Print the data exactly as written, but leave out each picture.

- Recorded data
========================================

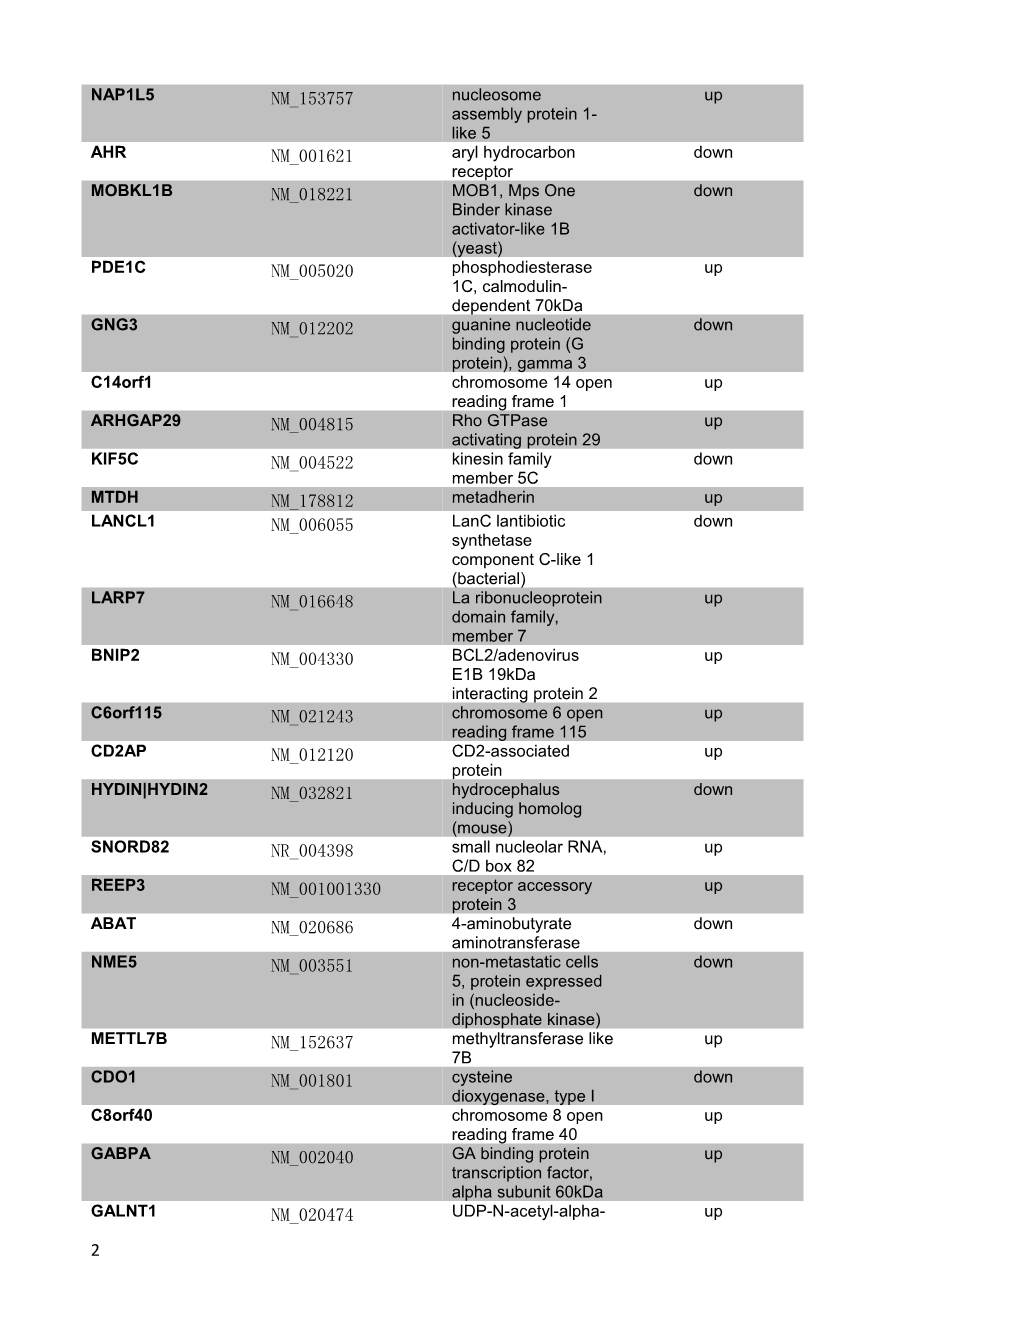 Supplementary Table 1: Knockdown of -Catenin in Astrocytes Alters Expression of 150 Genes
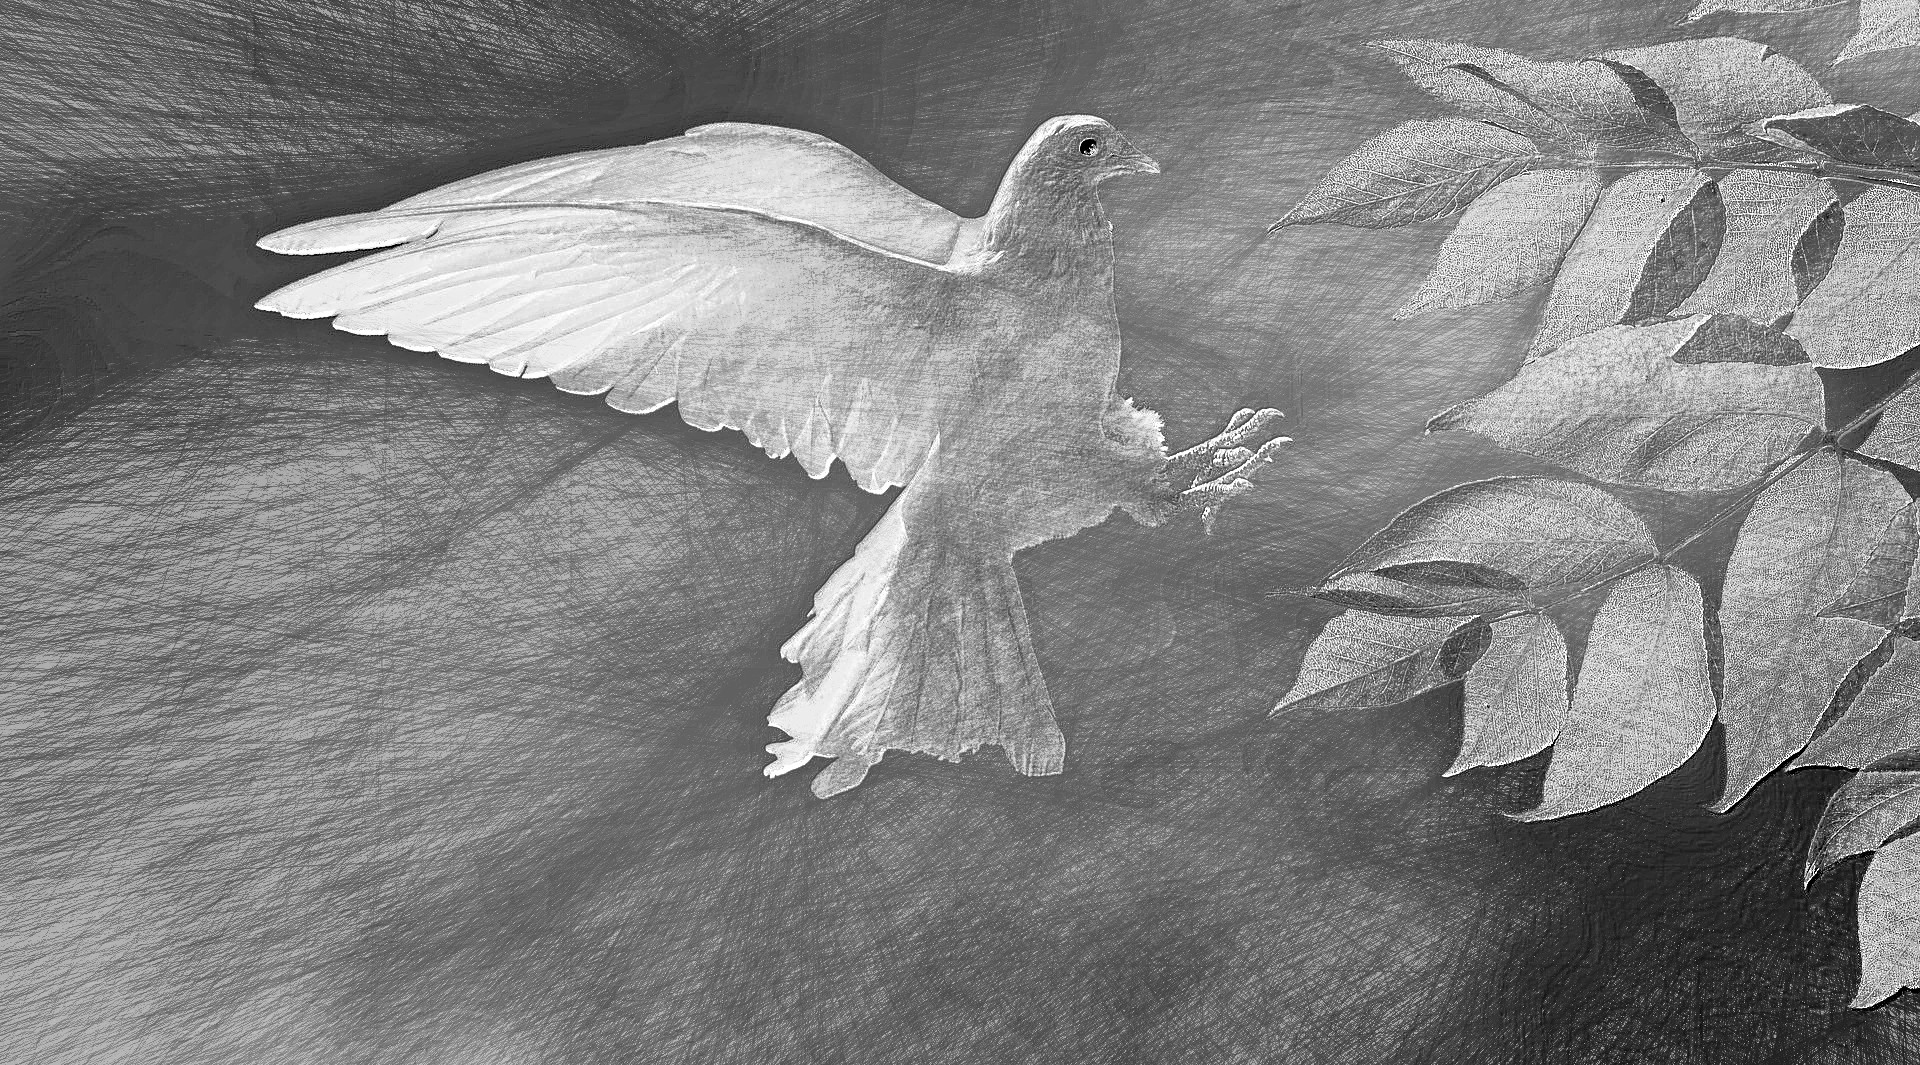 2020-08-22 12-09-13dove-2516641_1920 with a draw on black effect, using option B&W and pencil lead=HB.jpg
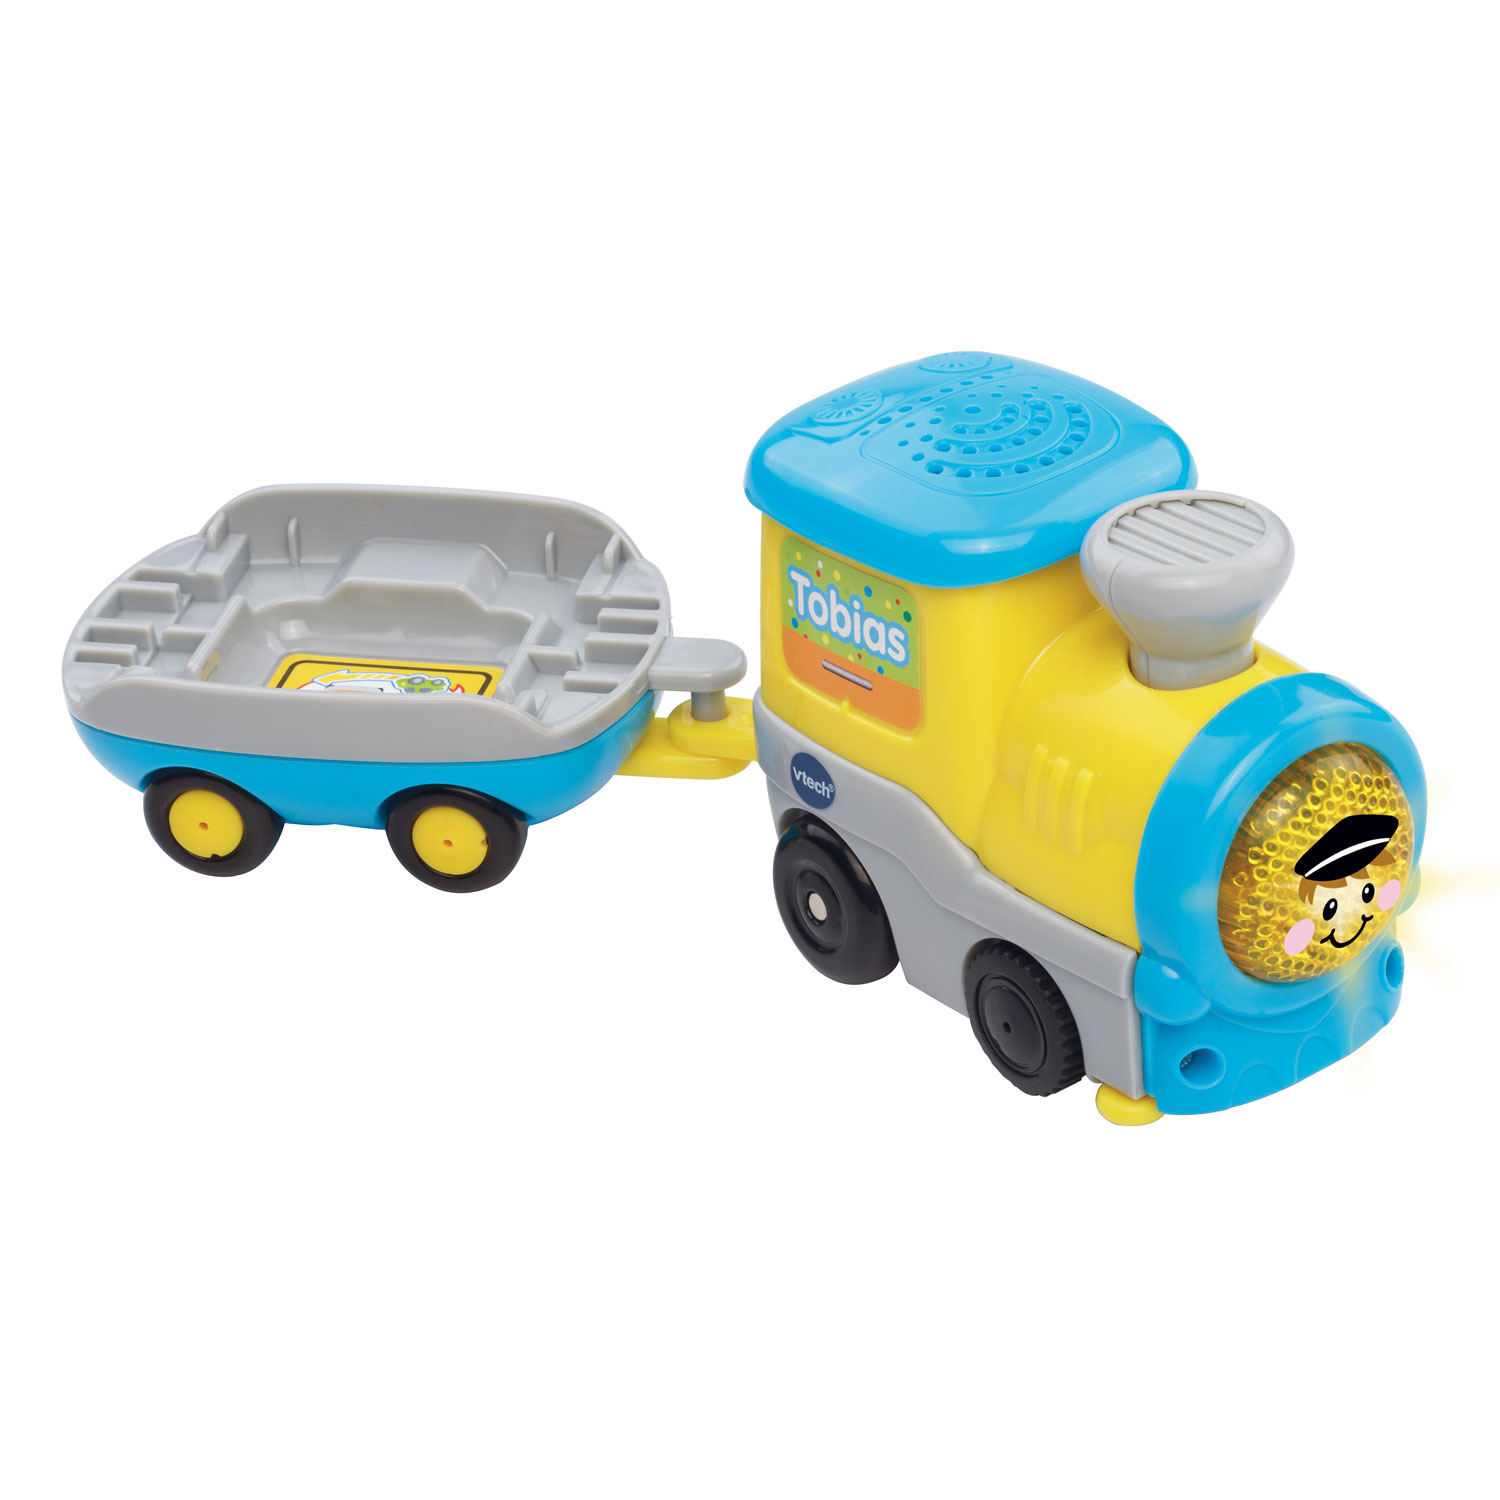 beven speler stad VTech Taka Cars-Tobias train with Trailer | Thimble Toys

========================================

- Reply
 Supplementary Table 1: Knockdown of -Catenin in Astrocytes Alters Expression of 150 Genes
 2020-08-22 12-09-13dove-2516641_1920 with a draw on black effect, using option B&W and pencil lead=HB.jpg
 beven speler stad VTech Taka Cars-Tobias train with Trailer | Thimble Toys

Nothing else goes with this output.